Genetic testing for mutations of known aHUS genes was unremarkable. However, a previously reported heterozygous 12bp insertion in exon 2 of TRPC6 was detected (c.253_264dup, p.(Ala85_Phe88dup)) (Weber, Ped. Neph. 2015). TRPC6 encodes an ubiquitously expressed calcium-permeable channel that also plays a crucial role in human podocytes, where defects have been associated with genetic FSGS by mechanisms of both, gain and loss of function (Riehle, JASN 2016). Patch clamp analysis and calcium influx assays upon overexpression of wildtype versus Ala85_Phe88dupare ongoing.

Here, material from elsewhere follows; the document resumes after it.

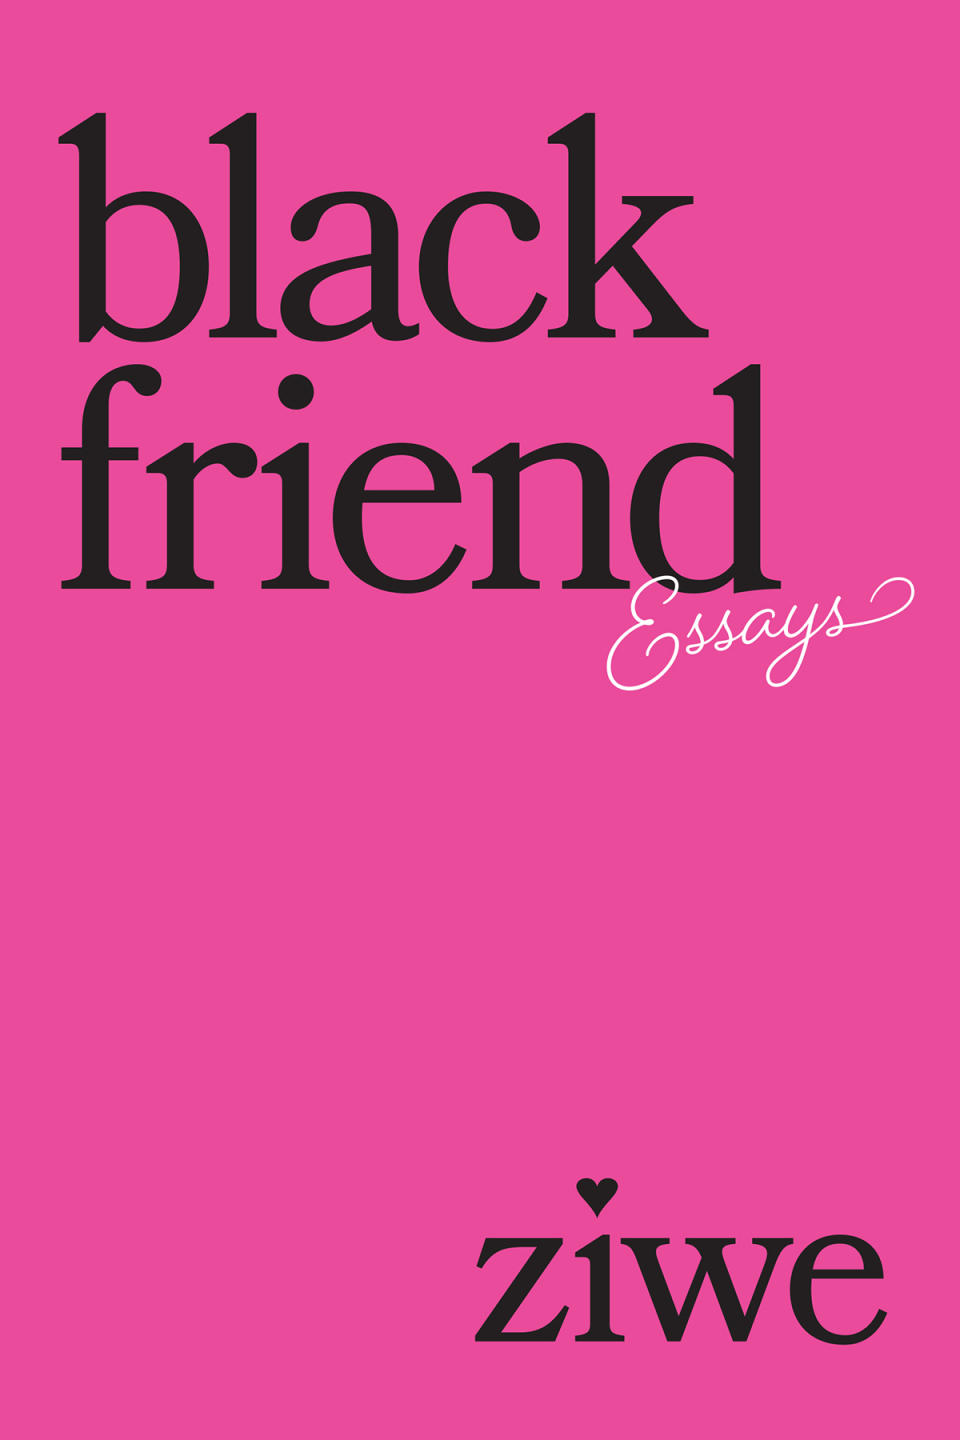 ziwe book black friend essays

P-aHUS is a major postpartal condition that takes several triggers in order to develop. We suggest that altered TRPC6 function may constitute an alternative trigger for development of acute TMA-related kidney failure, similar to the proposed mechanism in DGKE-related aHUS/TMA (Ozaltin, JASN 2013). As podocytic TRPC6 expression is also influenced by VEGF (Thilo, NDT 2012), sFLT-1 mediated VEGF inhibition in the setting of preeclampsia might further provoke an alteration in podocyte and platelet function.